The nerves tightened. 'Where?'

'At the British High Commission - that's where I work. You were almost killed, weren't you?'

'So they told me.'

She stared into my eyes, beginning to say something and changing her mind and saying instead, 'How did you manage not to be?'

'Bit of luck.'

The cyclo lurched between a taxi and a standing bus and she grabbed the rail. 'I was terribly upset when I heard the news.'

I said carefully, 'There wasn't any news.'

'What? Oh. I know. I mean, when I heard from my boss. There was nothing in the papers the next day, and that puzzled me. Who are you, actually?' Another level stare.

'I wondered, too,' I said, 'about the blackout.'

'It came from the Thai embassy, I know that. We traced it through. Their ambassador phoned the Singaporean minister for home affairs and asked him if he could hush the whole thing up.'

'Well, this place has got a good reputation for safety in the streets, and tourists read newspapers.'

'It could be that.' Her eyes didn't leave mine. 'But it wasn't. Was it?'

I didn't say anything.

'The Chief of Police was also requested to pursue his enquiries with the utmost discretion, in the interests of the state. I quote.'

Which explained why there weren't a whole drove of people from the homicide squad waiting round my bed at the hospital.

'1 don't know how these things work,' I said.
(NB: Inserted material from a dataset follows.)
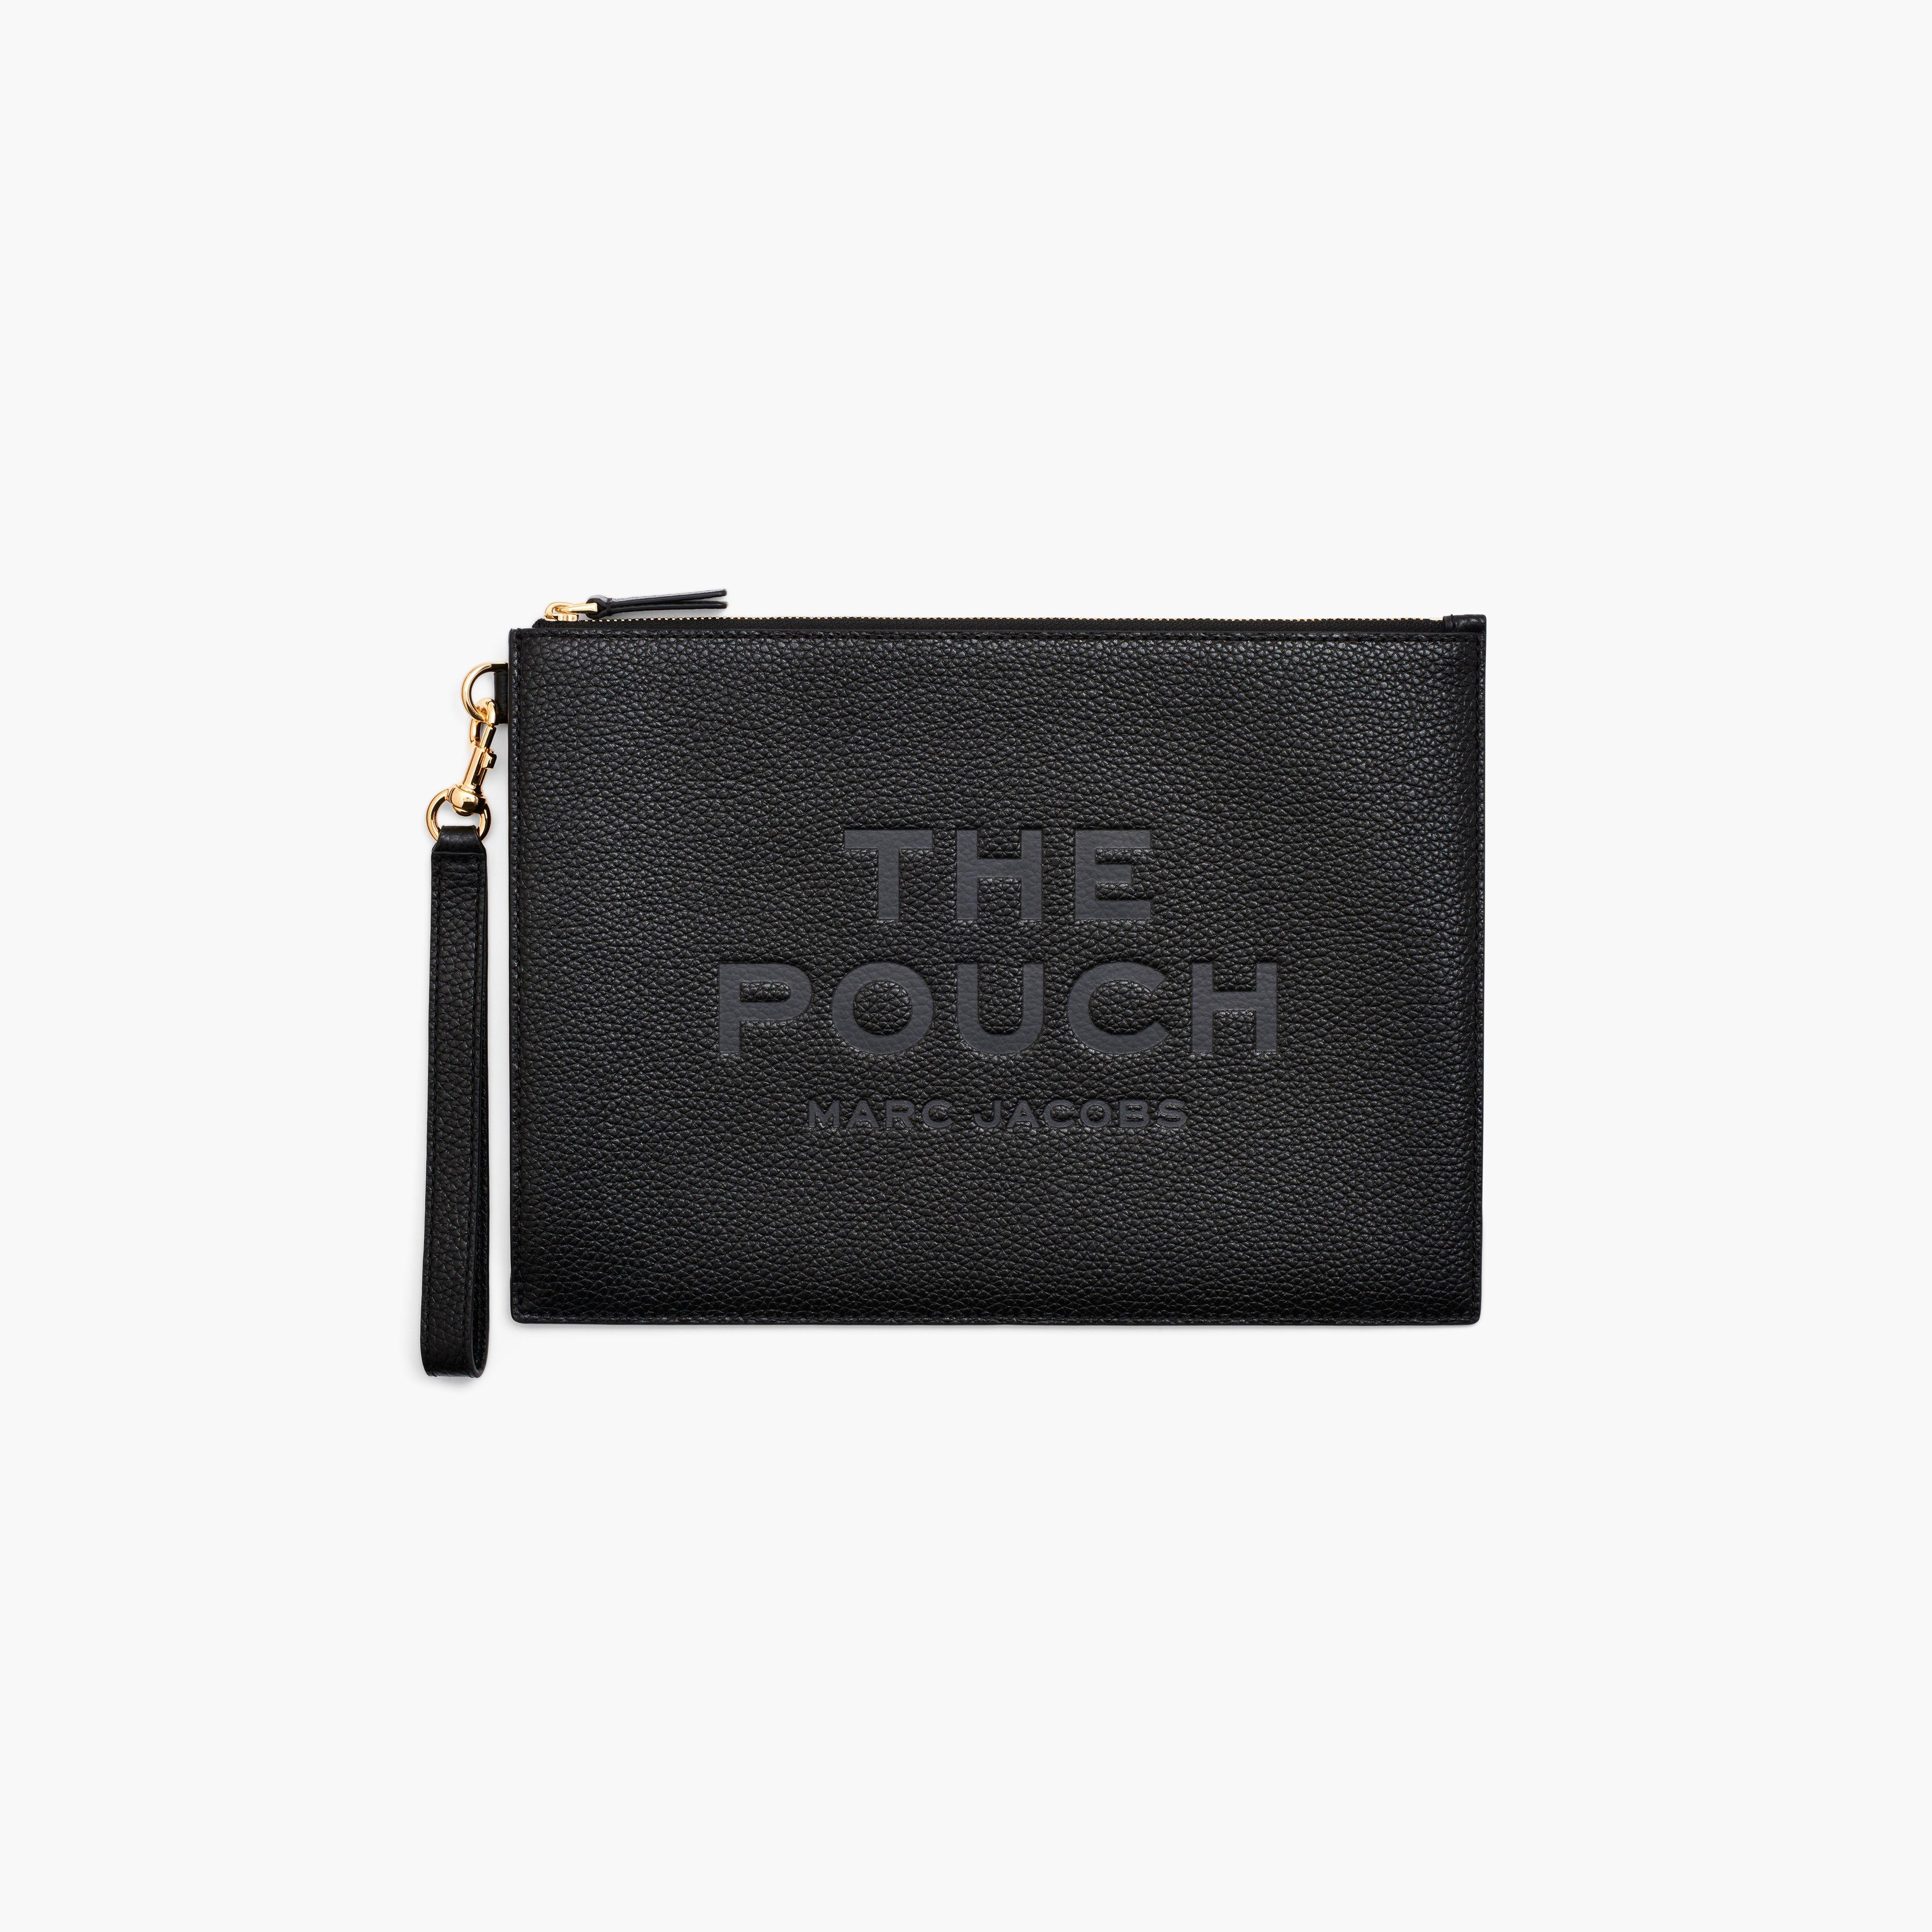 Marc by Marc jacobs The Leather Large Pouch,BLACK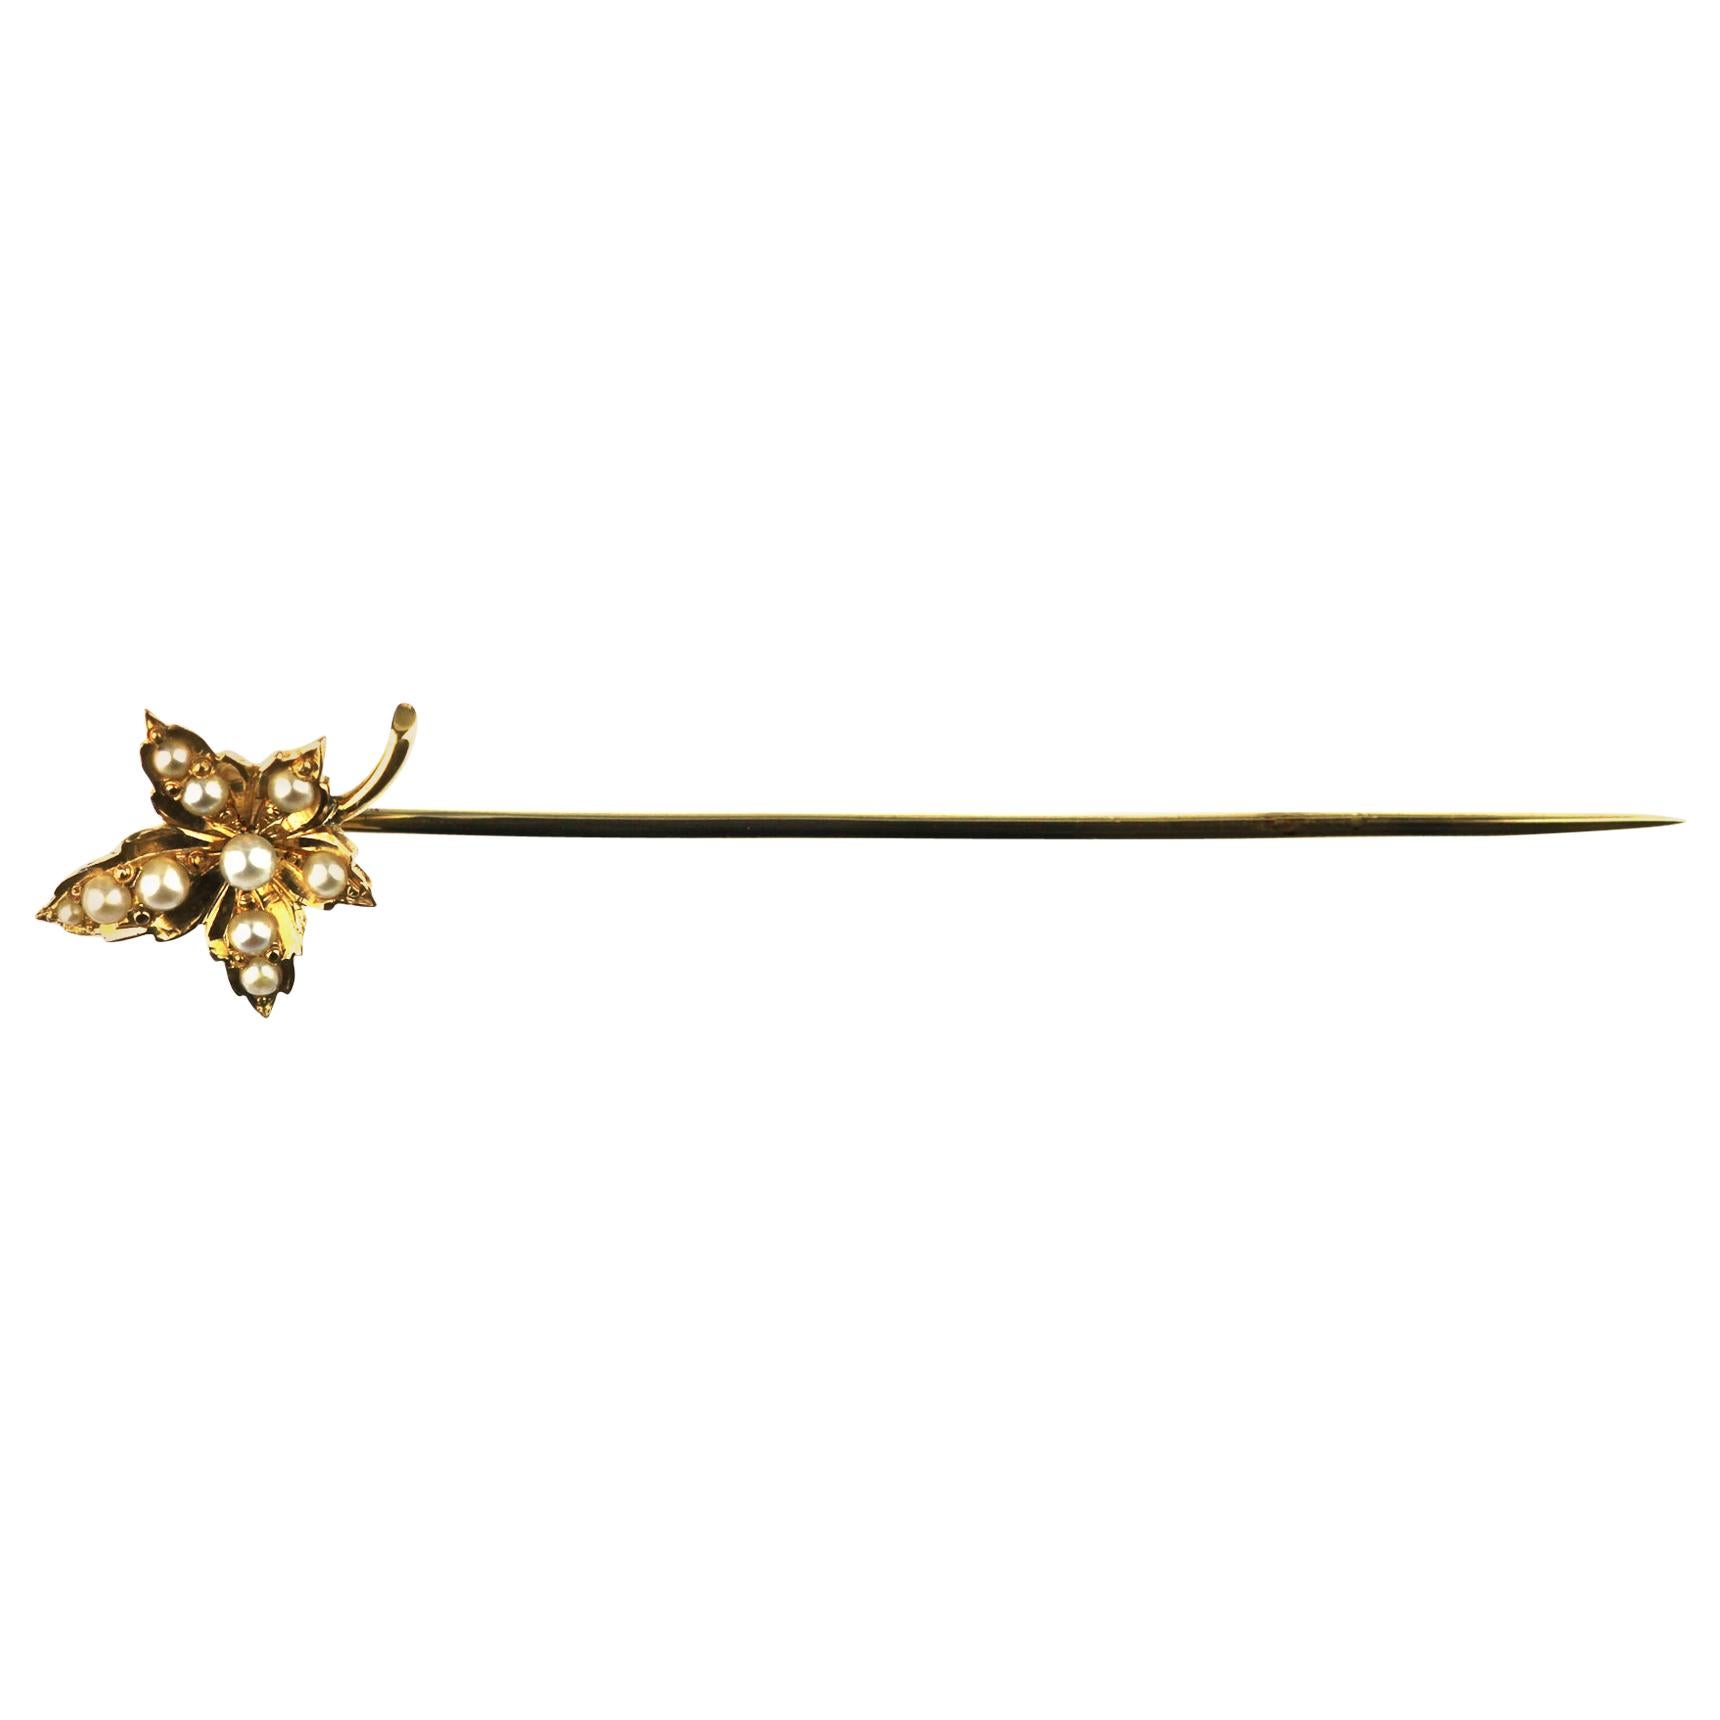 Antique Autumn/Maple Leaf Stick/Tie Pin with Natural Pearls in 14/15 Carat Gold

'No?' She blew out a gentle laugh. 'There's something else that intrigues me. I'm pretty certain you're the first man I've ever met who can deal with five assailants armed with knives. And smartly.'

'They weren't very good.'

She laughed again and said, 'Do you mind the Empress? It's only a food centre, but you can pick and choose among all the hawkers, absolutely anything - Chinese, Malaysian, Indian, whatever - and they bring it to you cooked. Or do you know all this - have you been here before?'

'Just passing through. The Empress sounds fine.'

The place was crowded when we got there but some people were just leaving. It was a corner table not far from the river and I spent the first ten minutes sweeping the environment, simply as a matter of routine because there were upwards of a hundred people in this area and if any one of them wanted to do anything with a gun I couldn't stop him. But it was going to be safer for me in the open until I could go to ground. Shoda didn't want to make any fuss: the limousine thing had been set up carefully to provide discretion. My little Yasma was meant to kill with the first thrust, and afterwards my body would have been buried deep in a rubbish dump and the car would have gone back to the hire company.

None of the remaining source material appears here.